§ **What you are asked to do**
Consider the listing below. Extract exactly the lines from the line containing "Zwei Reihen von" to the line containing "Der Mond ist in", both included.

§ **Available data**
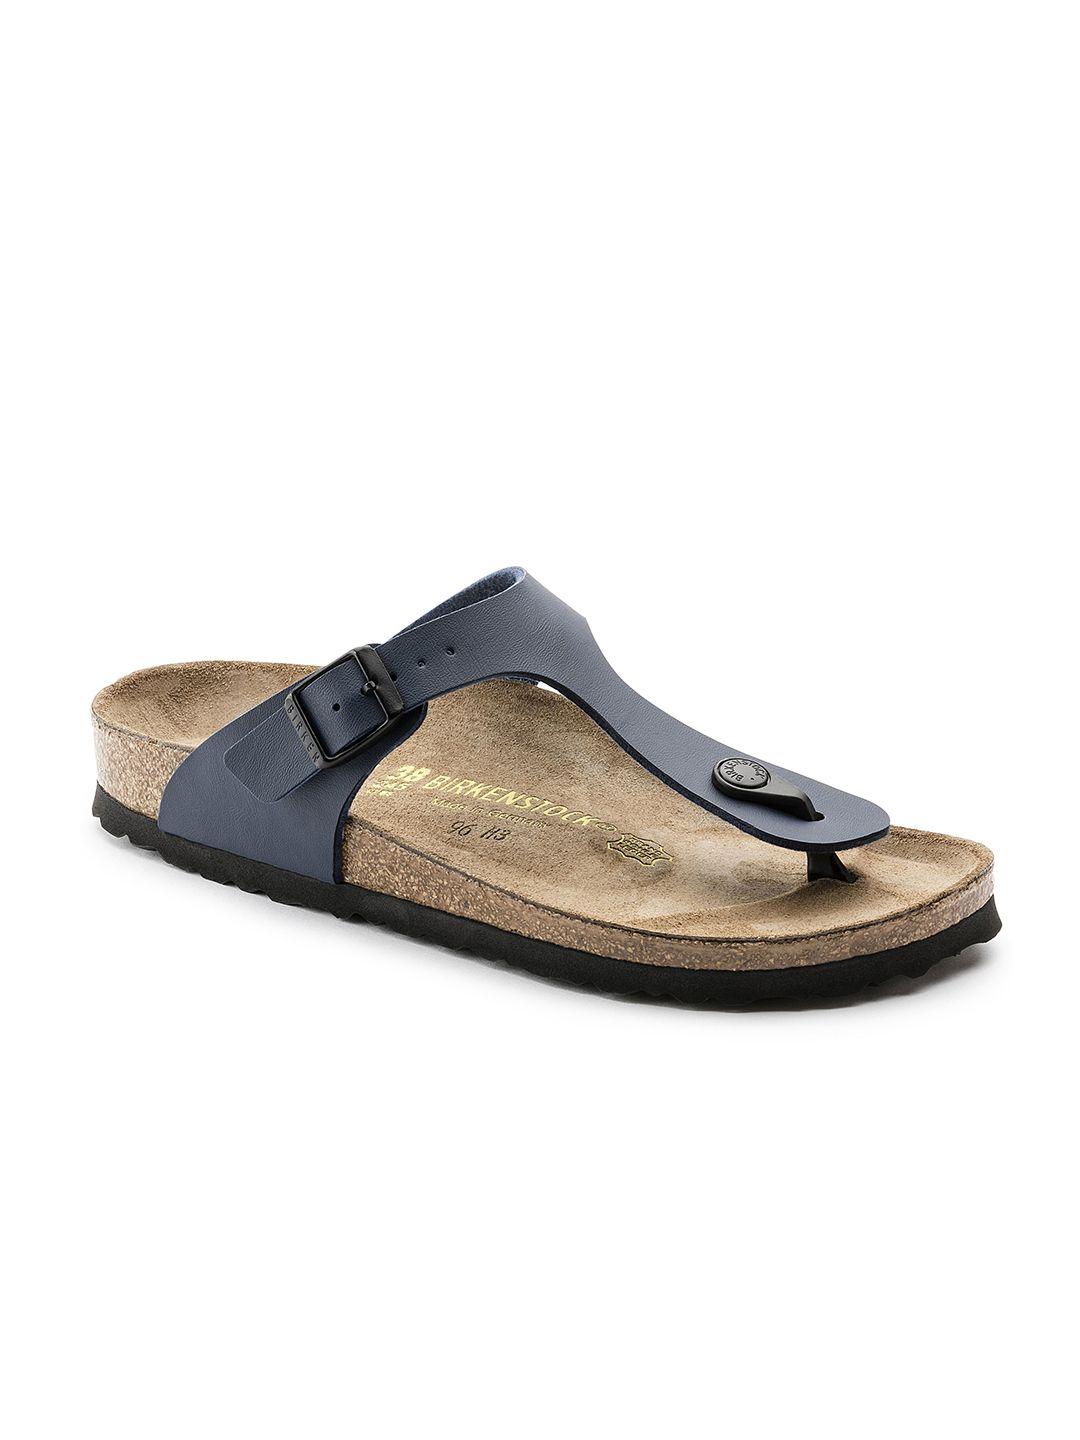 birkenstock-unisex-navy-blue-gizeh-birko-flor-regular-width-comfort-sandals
* * *
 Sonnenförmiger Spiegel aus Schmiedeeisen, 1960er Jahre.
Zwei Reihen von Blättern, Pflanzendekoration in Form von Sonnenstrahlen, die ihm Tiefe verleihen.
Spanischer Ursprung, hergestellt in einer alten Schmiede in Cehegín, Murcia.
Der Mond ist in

§ **Solution for this problem**
Zwei Reihen von Blättern, Pflanzendekoration in Form von Sonnenstrahlen, die ihm Tiefe verleihen.
Spanischer Ursprung, hergestellt in einer alten Schmiede in Cehegín, Murcia.
Der Mond ist in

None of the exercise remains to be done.